_Assigned task_:
The exercise calls for exact output of the lines between the one that contains "stylecast boys blue checked top with shorts" and the end of the data, with both ends kept and pictures left out.

_Supplied information_:

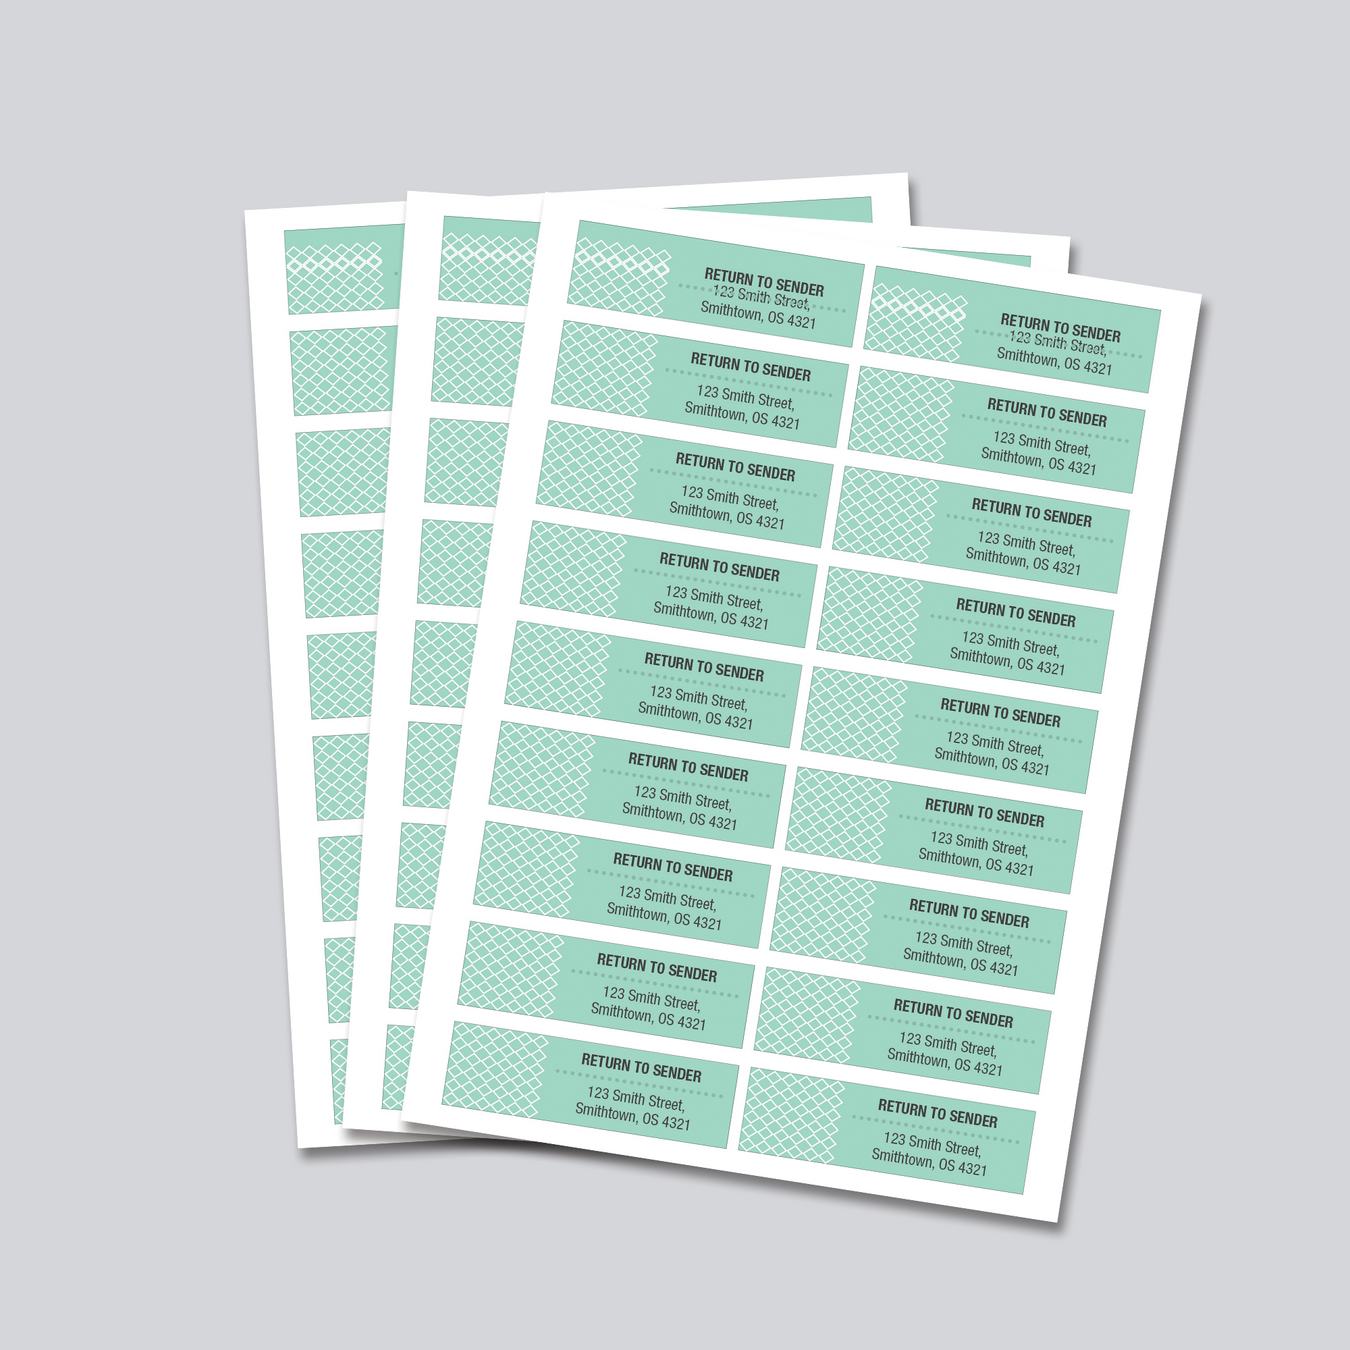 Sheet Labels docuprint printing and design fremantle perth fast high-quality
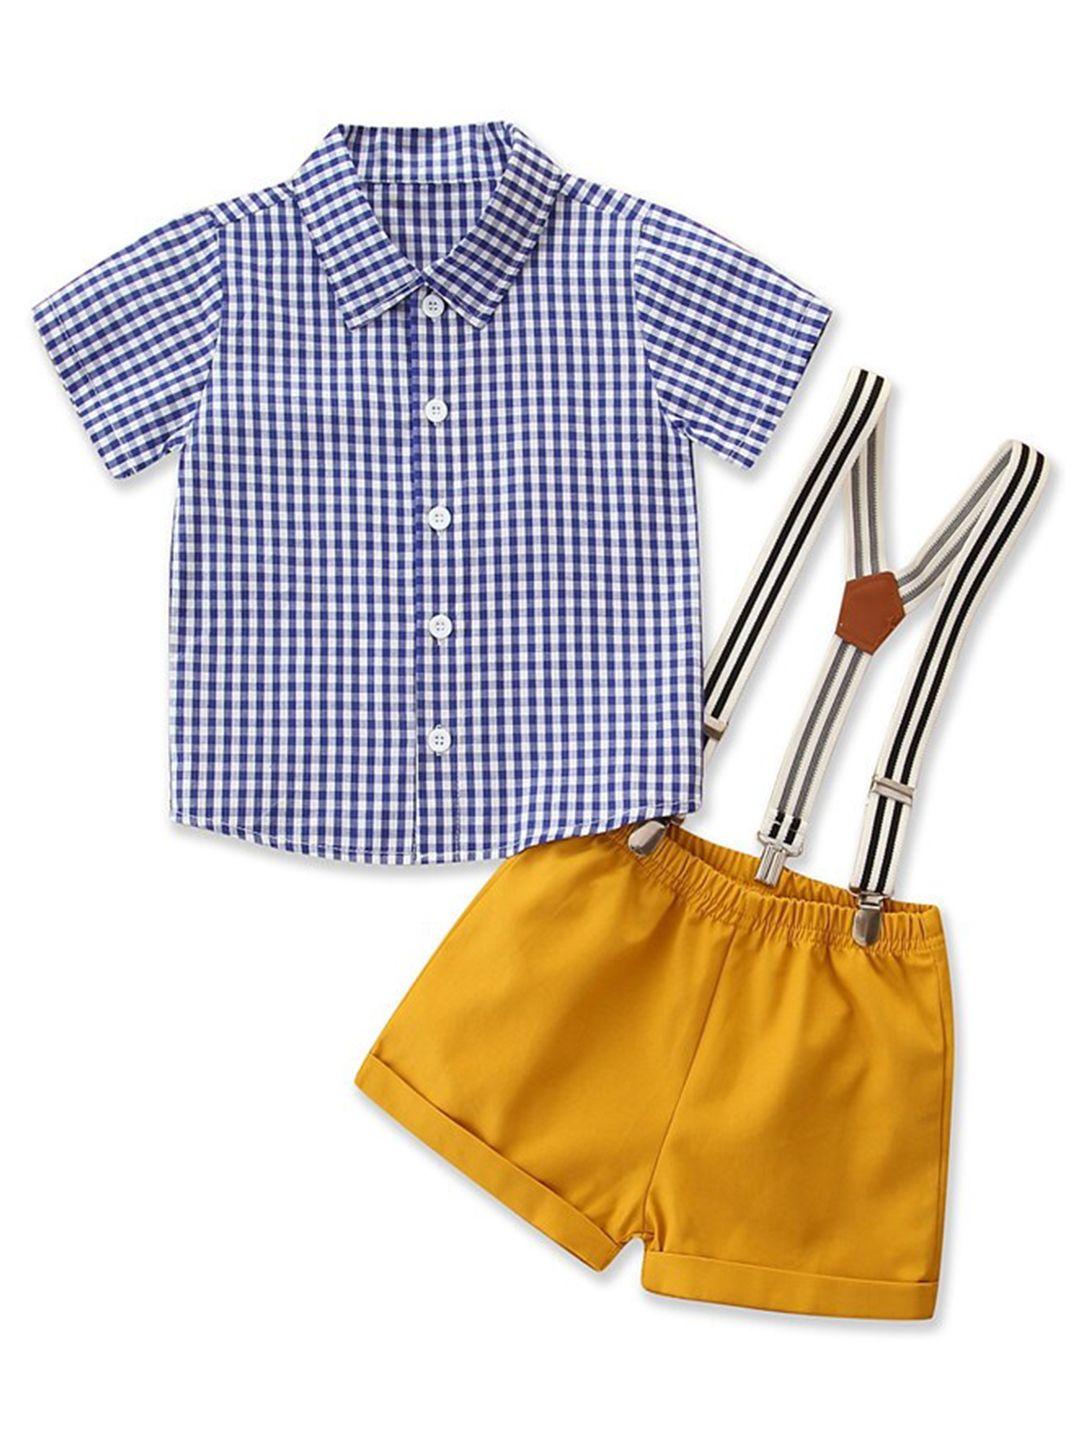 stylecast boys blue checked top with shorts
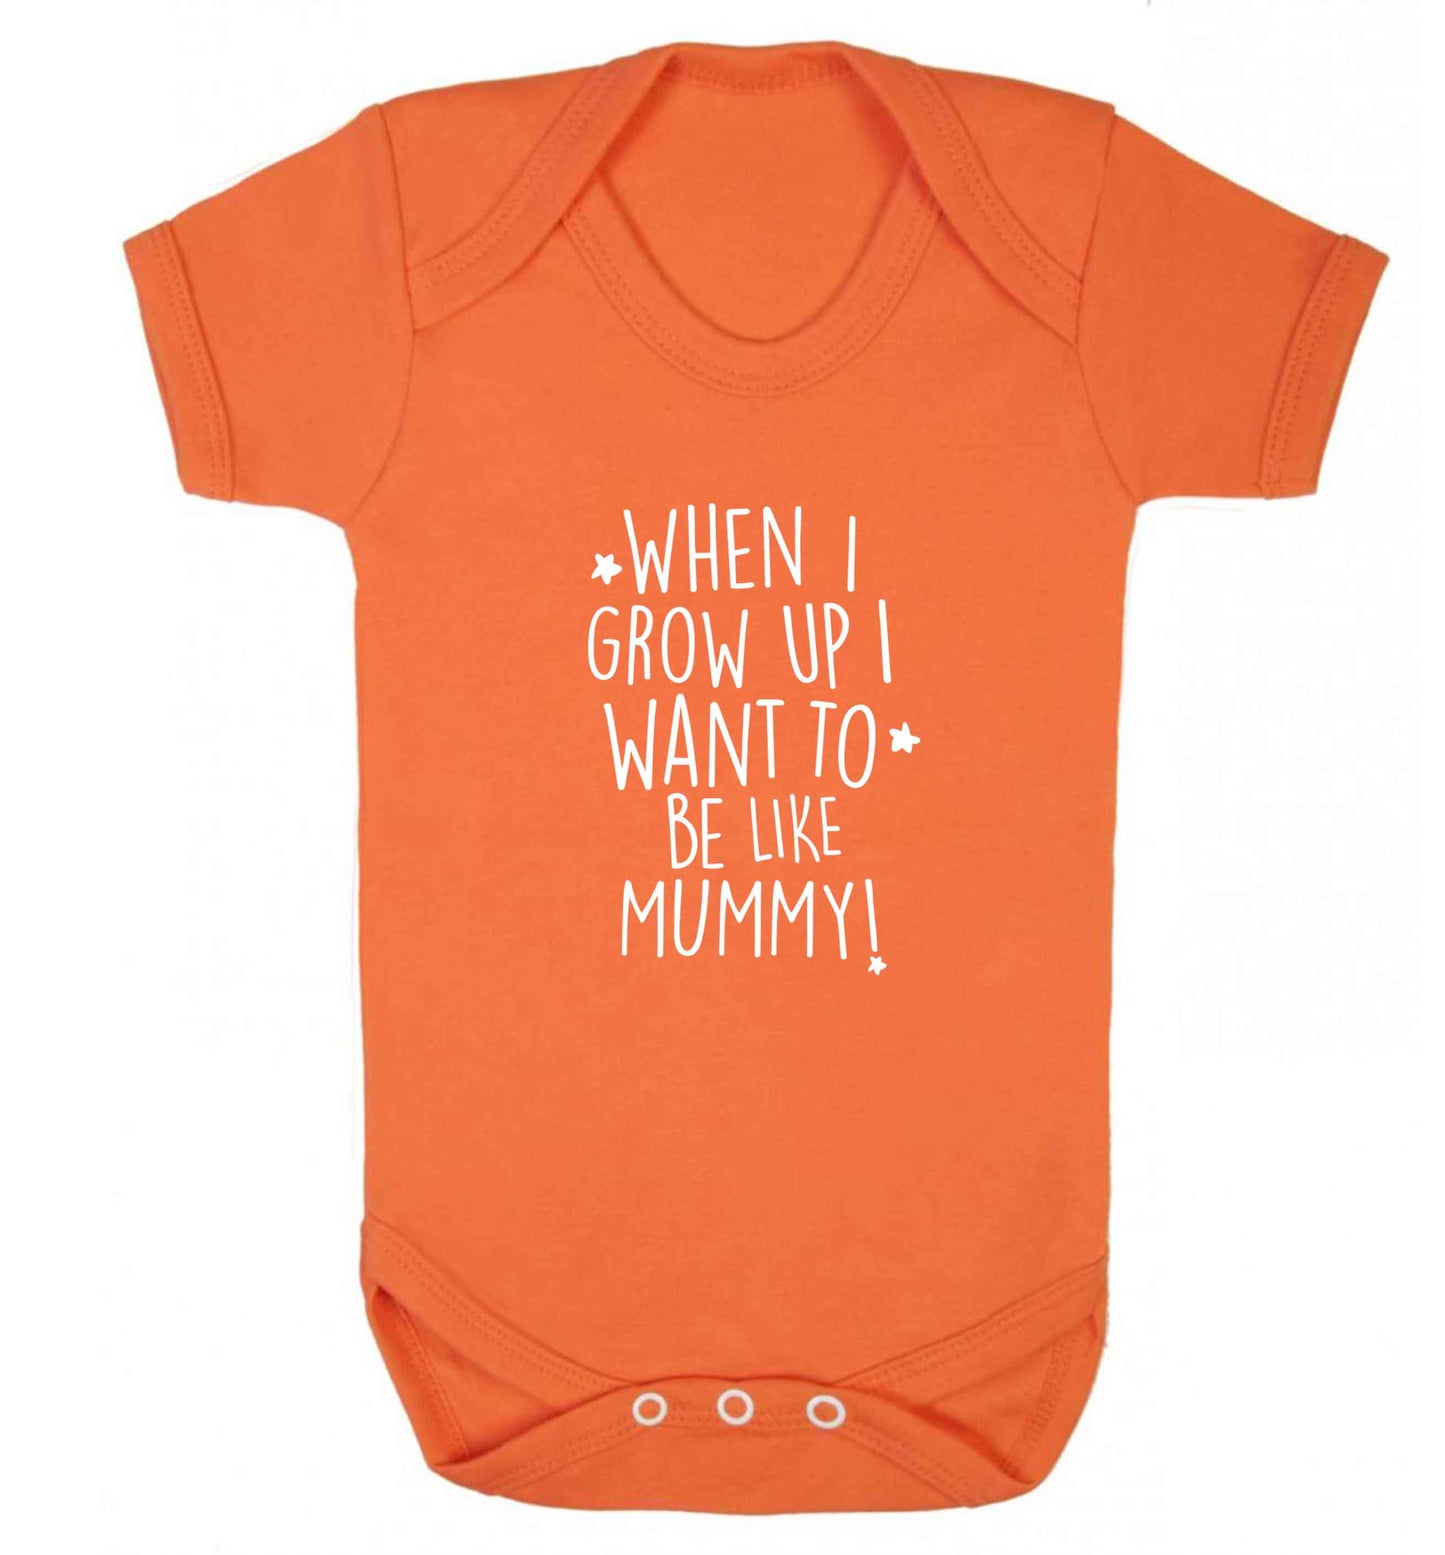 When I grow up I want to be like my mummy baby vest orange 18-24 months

_Response for this exercise_:
 stylecast boys blue checked top with shorts
 When I grow up I want to be like my mummy baby vest orange 18-24 months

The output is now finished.